Once the analysis is complete, the student will engineer CAR-T constructs with modules designed to exploit/resist immune pathways identified by imaging and transcriptomic analysis post-RT (including checkpoints/ cytokines/ chemokine axes) to enable more effective CAR-T entry into the brain/tumour and better function in the CNS.

The advantage of engineering CAR-T with pro-trafficking and pro-activation modules identified through proteomics is that the potential functional benefits are durable and ongoing rather than time-limited and restricted to the absolute period of RT administration.
Further, engineered CAR-T solutions to impaired CNS trafficking/activation in combination with low-dose RT may prove to be synergistic, amplifying CAR-T infiltration, activity and efficacy in this challenging condition beyond what is possible with RT or engineering solutions alone.
Beyond CNSL, the goal is to take lessons learned here and apply in our other brain tumour models, namely glioblastoma

Candidate background

We are particularly interested in receiving applications from candidates with an interest in cellular immunotherapy, radiation biology, murine modelling and analysis of big data.

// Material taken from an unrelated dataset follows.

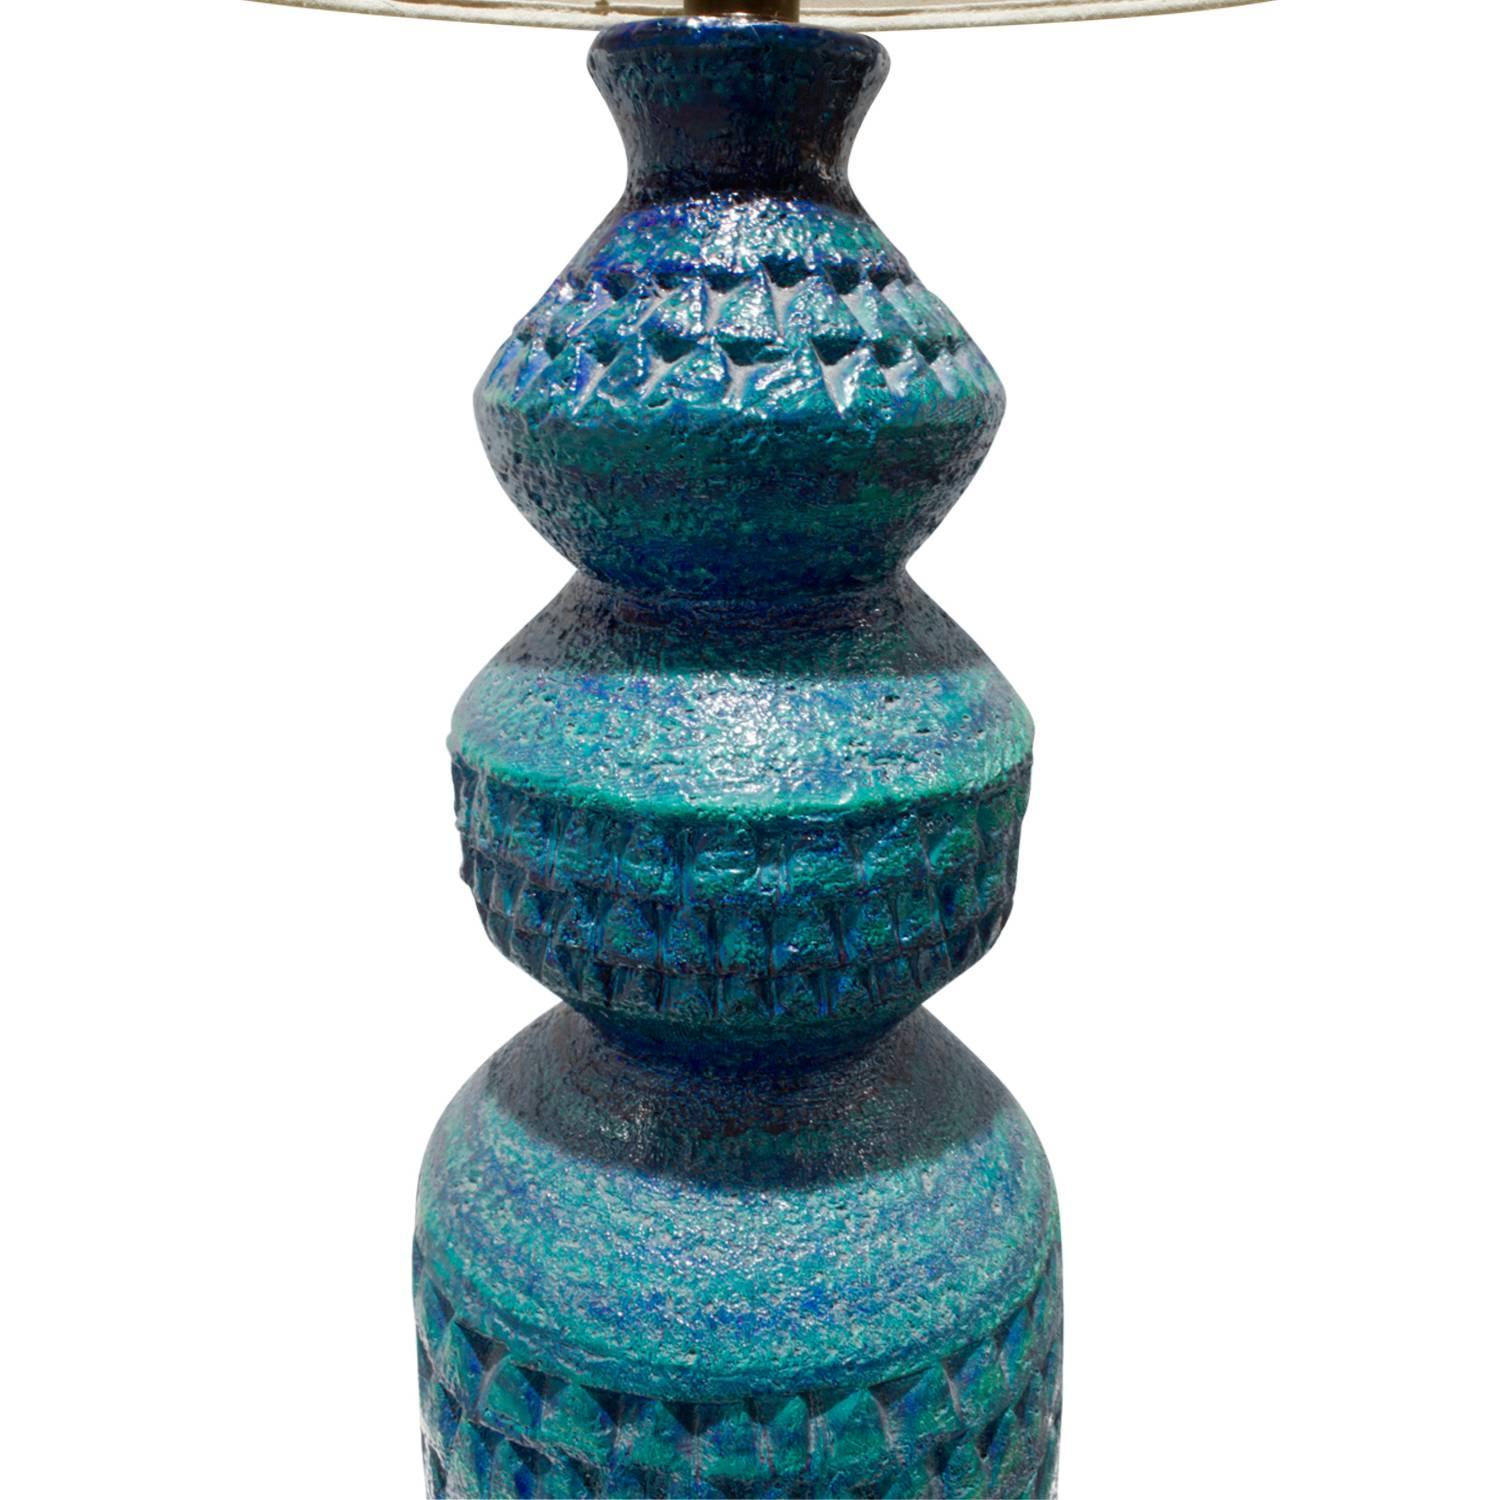 Große, stark strukturierte blaue Keramik-Tischlampe von Bitossi, Italien, 1950er Jahre.

Durchmesser des Schirms: 18 Zoll.

Potential Research Placements

1. Erik Sahai, The Francis Crick Institute
2. Silvia Suriniva, University College London
3. Maria Hawkins, University College London

References

1. Epperla N, Feng L, Shah NN, Fitzgerald L, Shah H, Stephens DM, et al. Outcomes of patients with secondary central nervous system lymphoma following CAR T-cell therapy: a multicenter cohort study. J Hematol Oncol. 2023 Nov 9;16(1):111.
2. Inc MG. SAFETY AND EFFICACY FINDINGS OF AUTO1, A FAST-OFF RATE CD19 CAR, IN… by Claire Roddie [Internet]. [cited 2022 Dec 21]. Available from: https://library.ehaweb.org/eha/2022/eha2022-congress/358317/claire.roddie.safety.and.efficacy.findings.of.auto1.a.fast-off.rate.cd19.car.html?f=listing%3D0%2Abrowseby%3D8%2Asortby%3D1%2Asearch%3Droddie
3. Quach HT, Skovgard MS, Villena-Vargas J, Bellis RY, Chintala NK, Amador-Molina A, et al. Tumor-Targeted Nonablative Radiation Promotes Solid Tumor CAR T-cell Therapy Efficacy. Cancer Immunol Res. 2023 Oct 4;11(10):1314–31.
4. van Vulpen M, Kal HB, Taphoorn MJB, El-Sharouni SY. Changes in blood-brain barrier permeability induced by radiotherapy: implications for timing of chemotherapy? (Review). Oncol Rep. 2002;9(4):683–8.